On October 14, according to the latest batch of drug approval documents to be obtained by NMPA, Shiyao Ouyi's mabaloxavir tablet was approved for marketing, gaining the first imitation drug of this single-dose oral anti-influenza drug in China.
It is reported that marbaloxavir is an RNA polymerase inhibitor, which can directly act on the replication and transcription of influenza virus RNA, and is called a new generation of anti-influenza "miracle drug". The drug was originally developed by Japan's Yoshi Shiono and later licensed to Roche to develop and sell Xofluza in the United States, China and other markets. In 2018, Mabaloxavir was approved for sale in Japan and the United States.
In China, the approval of mabaloxavir soon attracted the attention of the drug regulatory authorities, and it was included in China's List of Clinically Urgent Overseas New Drugs (the Third batch) and obtained the priority evaluation qualification of CDE. In April 2021, Marbaloxavir tablets were approved in China for use in patients aged 12 years and older with simple influenza A and B, including previously healthy patients and those at high risk of influenza complications. And just eight months after it was approved, it was rushed into the new version of the national health insurance.
Roche is responding to the NMPA approval of the first domestic copy of Marbaloxavir tablets, from Shi Yi, only a year and a half after the original product was approved.

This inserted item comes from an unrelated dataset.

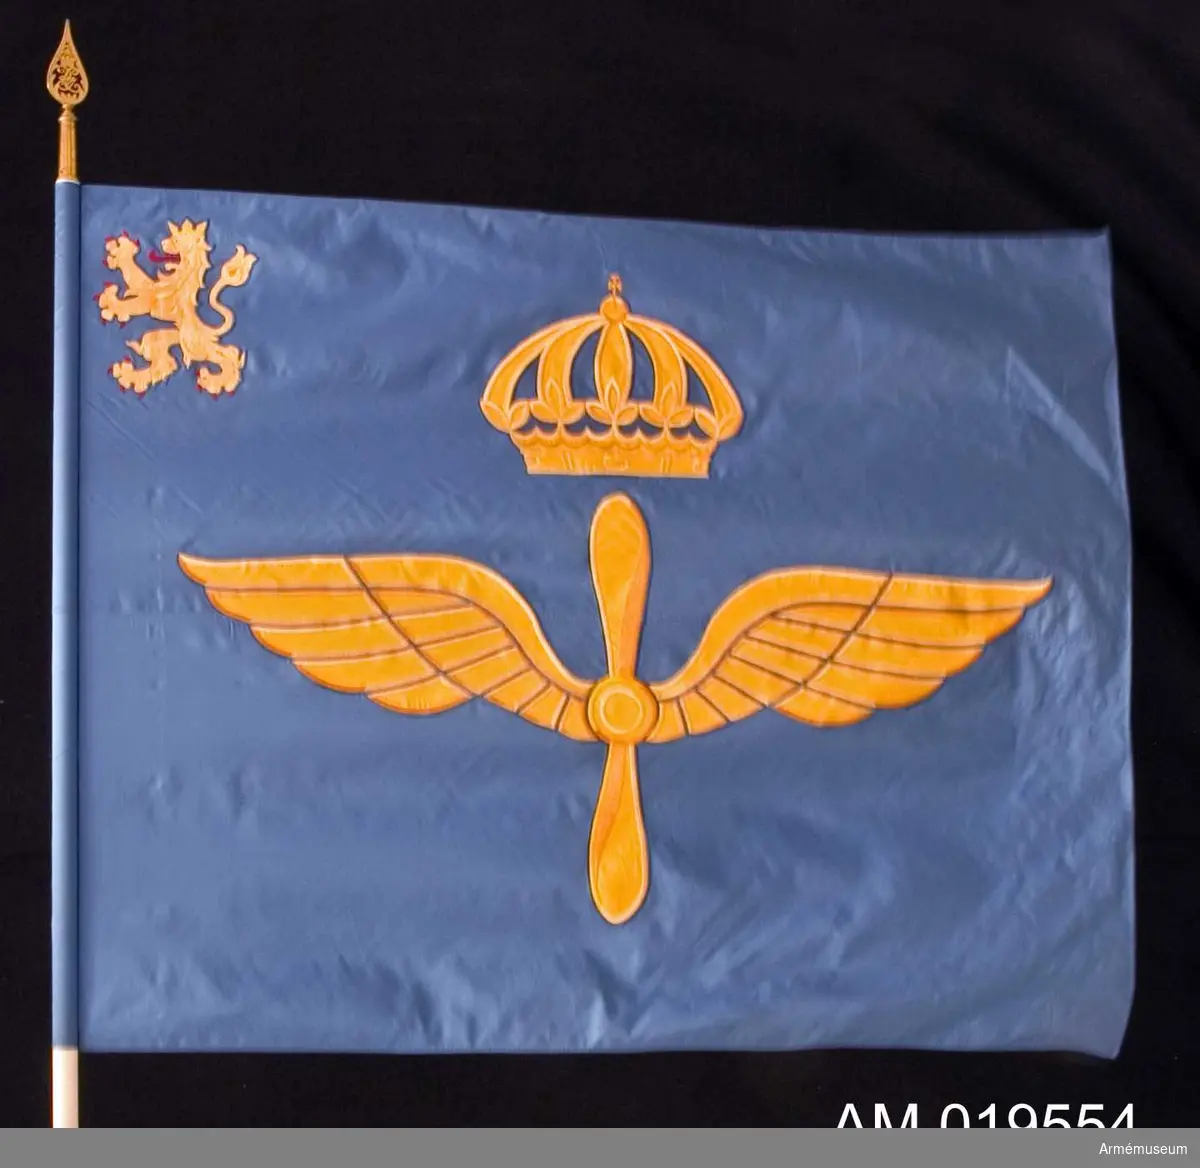 Fanan är av siden. Motivet består av en bevingad propeller krönt av en kunglig krona, broderad i gult silke. I övre vänstra hörnet finns ett götalejon med röd tunga och klor, även det broderat. På doppskon finns texten: "Kungliga Göta Flygflottilj".

Roche said: The innovative drug Marbaloxavir tablets (trade name: Fuda ®) and its active ingredients are protected by Chinese Invention Patent No. ZL201180056716.8. The patent relates to a compound patent with stable validity and expires on September 21, 2031. In accordance with the relevant provisions of the Patent Law of the People's Republic of China, no person or entity shall manufacture, use, sell or promise to sell Marbaloxavir compound and/or pharmaceutical products containing Marbaloxavir compound for the purpose of production and distribution in the Mainland of China without the permission of the patent holder.
The patenteer of China Patent No. ZL201180056716.8 has never licensed any person or entity other than us and our affiliates to manufacture, use, sell or promise to sell the compound marbaloxavir and/or pharmaceutical products containing the compound Marbaloxavir for the purpose of production and distribution in the Mainland of China.
In particular, it should be pointed out that the approval of Euyi's generic drug by the National Medical Products Administration does not mean that Euyi can manufacture, sell or promise to sell its generic drug Marbaloxavir tablets for the purpose of production and business, otherwise it will constitute infringement of the above patent.
Roche's innovative Marbaloxavir tablet was approved in April 2021, but EuroItaly submitted a generic application only three months later. Since July 2021, Roche has repeatedly communicated with Euyi on the issue of intellectual property rights. However, Euyi, on the one hand, believes that its approved generic drugs fall within the protection scope of Chinese invention patent No. ZL201180056716.8, and on the other hand, has so far refused to commit not to infringe the patent rights during the protection period of the above patent. Roche believes that EuroItaly's actions have caused significant disruption to the subsequent development and commercialization of marbaloxavir tablets.
Roche also calls for the API/pharmaceutical producing enterprises, pharmaceutical trading sales unit, medicines procurement and sales platform, to respect intellectual property rights of medical institutions, jointly safeguard legitimate domestic pharmaceutical market fair management order, not manufacture, sell or promise sales enroach on roche's legitimate rights and interests of medicines, act infringes upon the lawful rights and interests of roche provide convenience and help, Prudently evaluate and actively resist other acts that infringe upon Roche's legal rights and interests. The patentee has filed a patent-link lawsuit against EuroItaly for its application to market generic drugs.